The reason why I would like to revisit the debate between "love marriages" and "arranged marriages", is because of my discovery of another Indian truth. It is not the debate between "love" and "arranged", rather it is between within caste and inter-caste. At the end everything boils down to so called "caste". No one knows the benefit of within-caste marriage, but still follow it like a divine order, as if their forefathers are watching them from the heavens. Dare not go against our set standards, or else, I will see you in heaven. Is it because of some unknown fear or because nobody wants to think differently, still remains the big unanswered question.

But because of this unsaid rule, it is we who have to suffer.. The new generation, who somehow can not accept the paradigms have to cope up with the side effects, just to see their parents happy. One marries someone just to make their parents and grandparents elated. Of course, it is every child's duty to make their parents happy. They have made lot of sacrifices and compromises just to enable us to live a better life than they had. Hats off to all parents (Dil se). I am not advising or asking all the youngsters to rebel. I am just putting forward the dilemma in which these youngsters get into. This dilemma has no quick fix solution, or no solution to be more accurate. We have to suffer, we are destined to accept things we don't like, for the sake of the so called society.

To explain the troubles that one can get into if one is bound into the unsaid rules, let me give some real life scenarios. A guy/girl, when grows up, gets a picture of his/her near future like better education and sufficient money (again money is never sufficient, but that's another philosophical topic) and only then a good life partner.
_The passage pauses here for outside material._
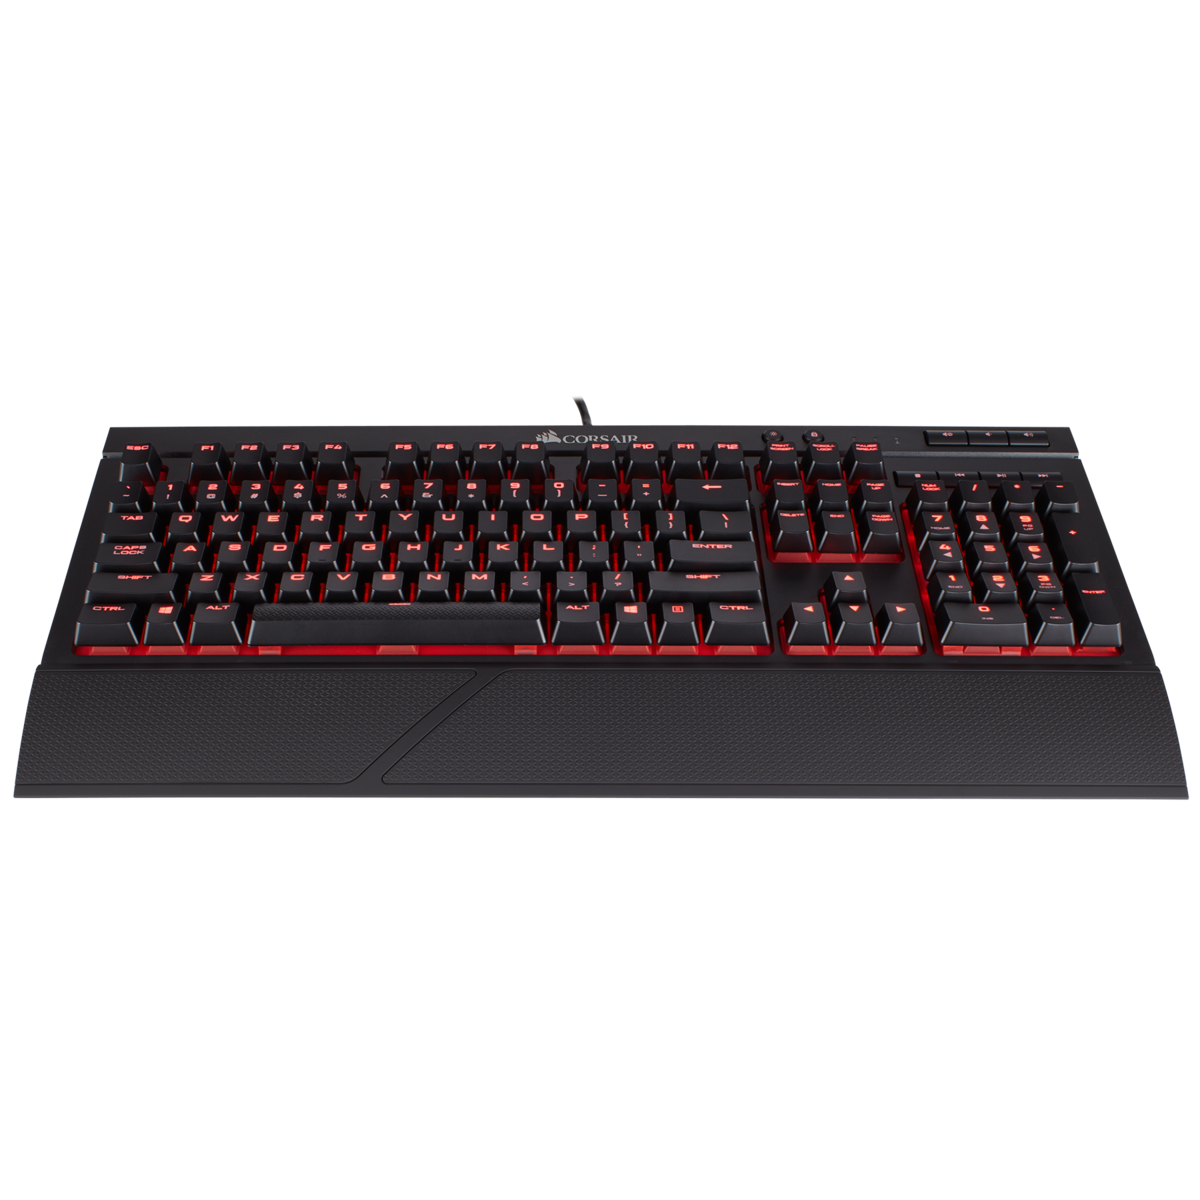 Corsair K68 Mechanical Gaming Keyboard, Red Cherry

He/she might have made a mental plan as to when and how to achieve those, but alas, he/she was not even aware of the plans their parents (in other words, the society standards) had made. His/her plans conflict with theirs and life goes into chaos. After the chaos is temporarily sorted by mutual disagreements and compromises, he/she is shown the list of potential spouses (mind you, this list has been achieved through years of hard work, discussions, bargaining,. negotiations and more strangely, the person not being aware of the whole process).
So what should the person’s reaction be?????

The answer is not easy. The person realizes the hard work spent for that remarkable feat, hence cannot reject those right away, in fear of hurting sentiments and emotions (Emotions and sentiments are the words that I strongly hate, just because they become the biggest obstacles in any person’s life). If that was not enough to create a total dilemma in the person’s mind, he/she is indirectly threatened by saying that if they miss this chance, there is very less probability that they will get another man/woman of such caliber.
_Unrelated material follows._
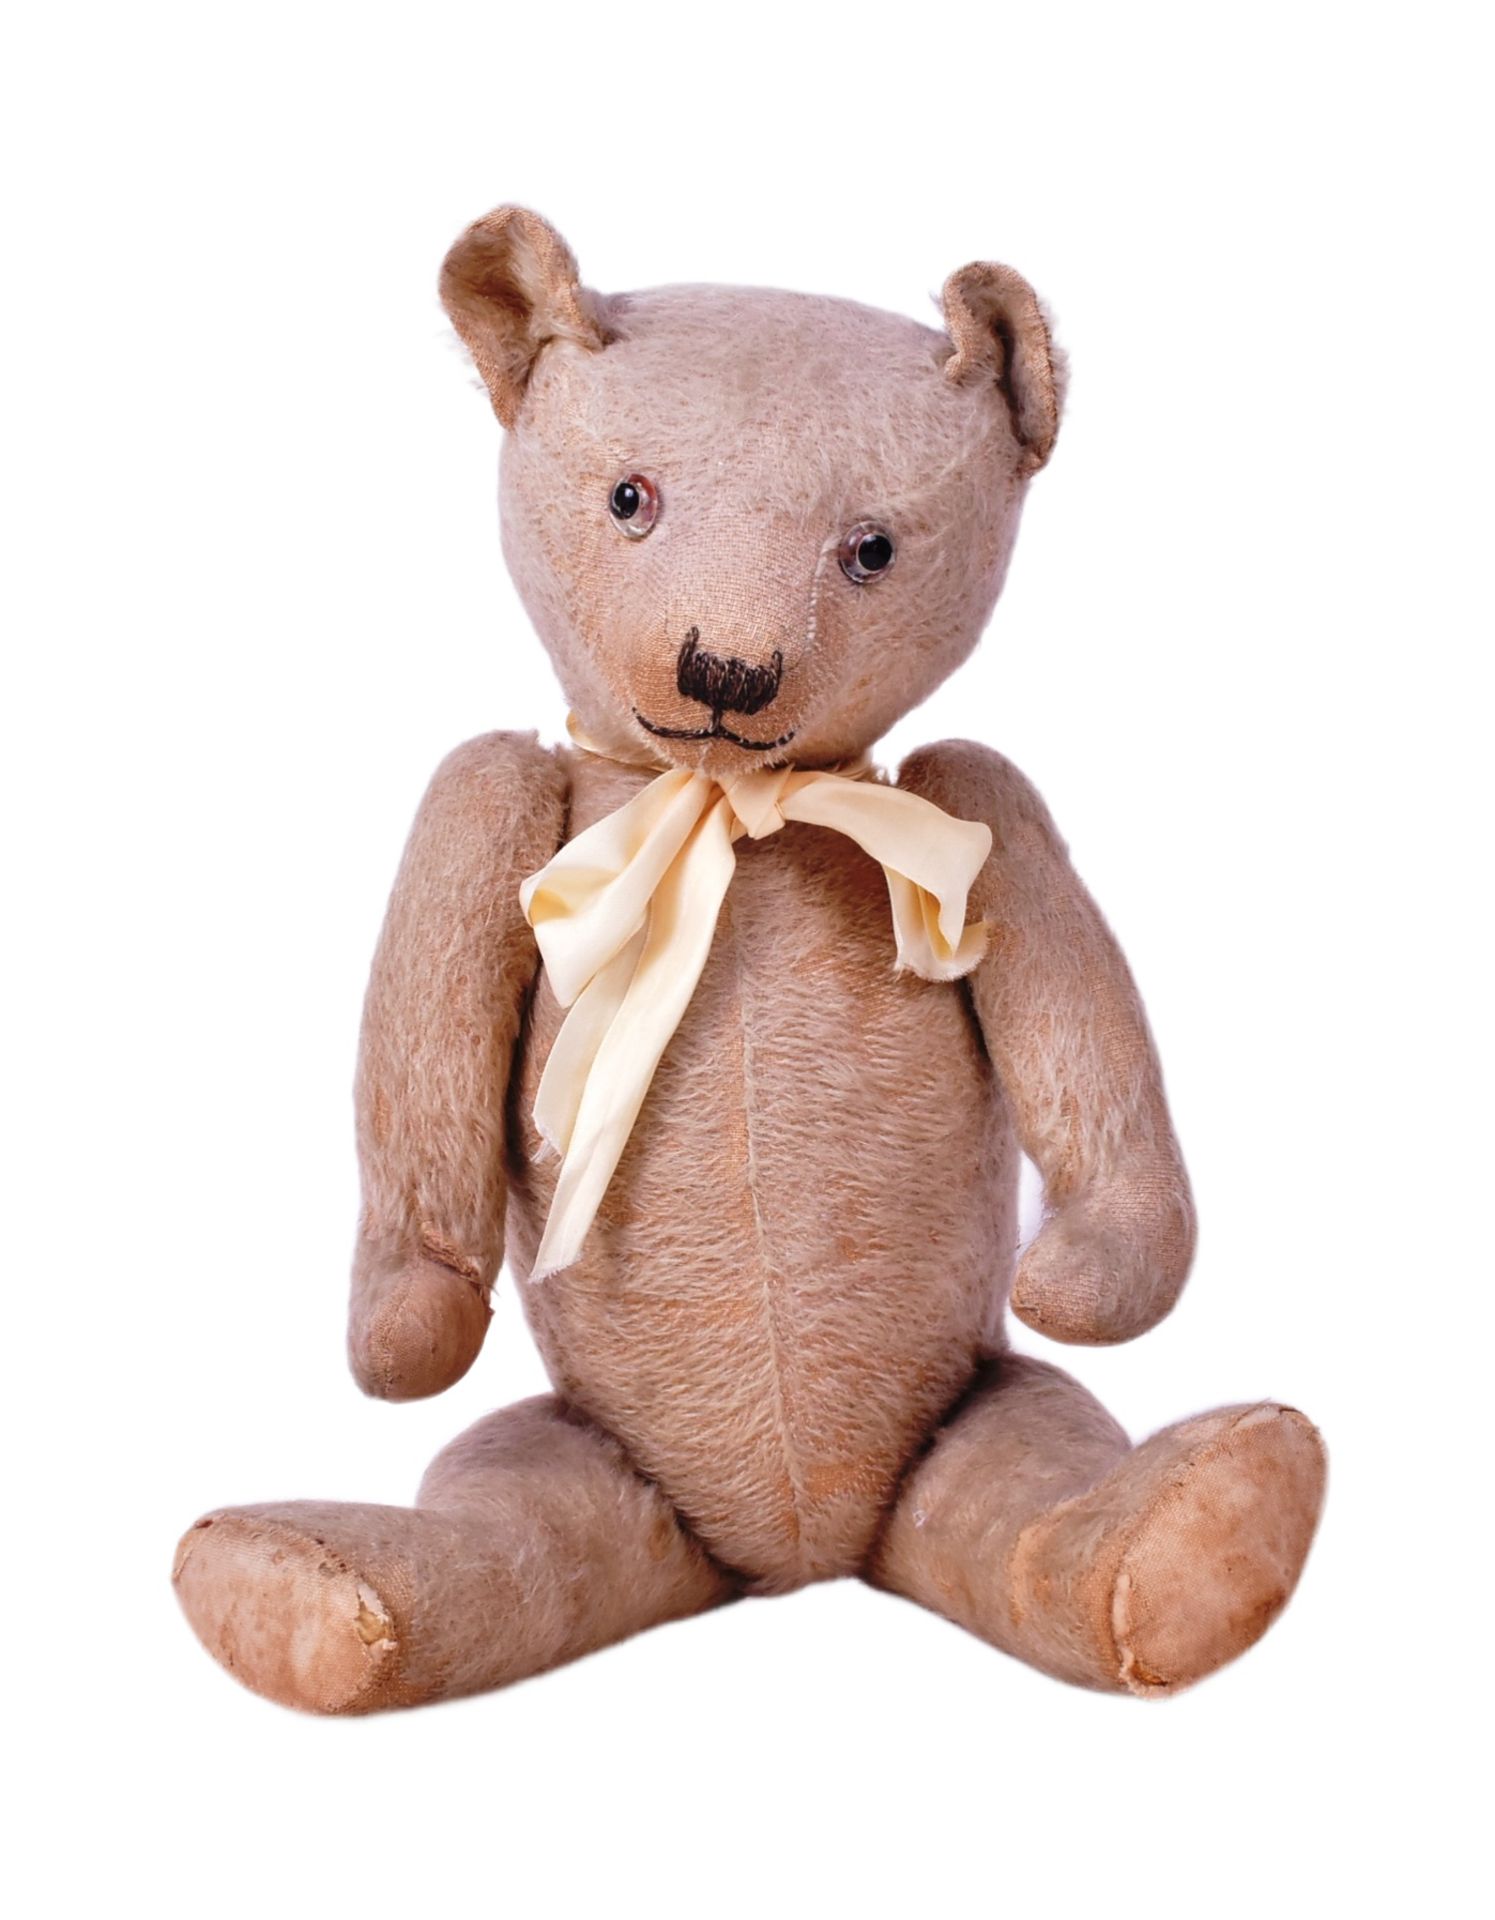 TEDDY BEARS - VINTAGE SOFT TOY TEDDY BEAR

Suddenly, all the high aspirations and dreams of the person are shattered to the ground. His/her expectations of his/her partner are put to a toss. He/she has to make a decision quick enough (in other words, accept the parents decision)…….or else, god knows, what may happen!!! The world might end….

Why didn’t the LHC(The Large Hadron Collider) fail and create a black hole to end the universe? At least the dilemma would end.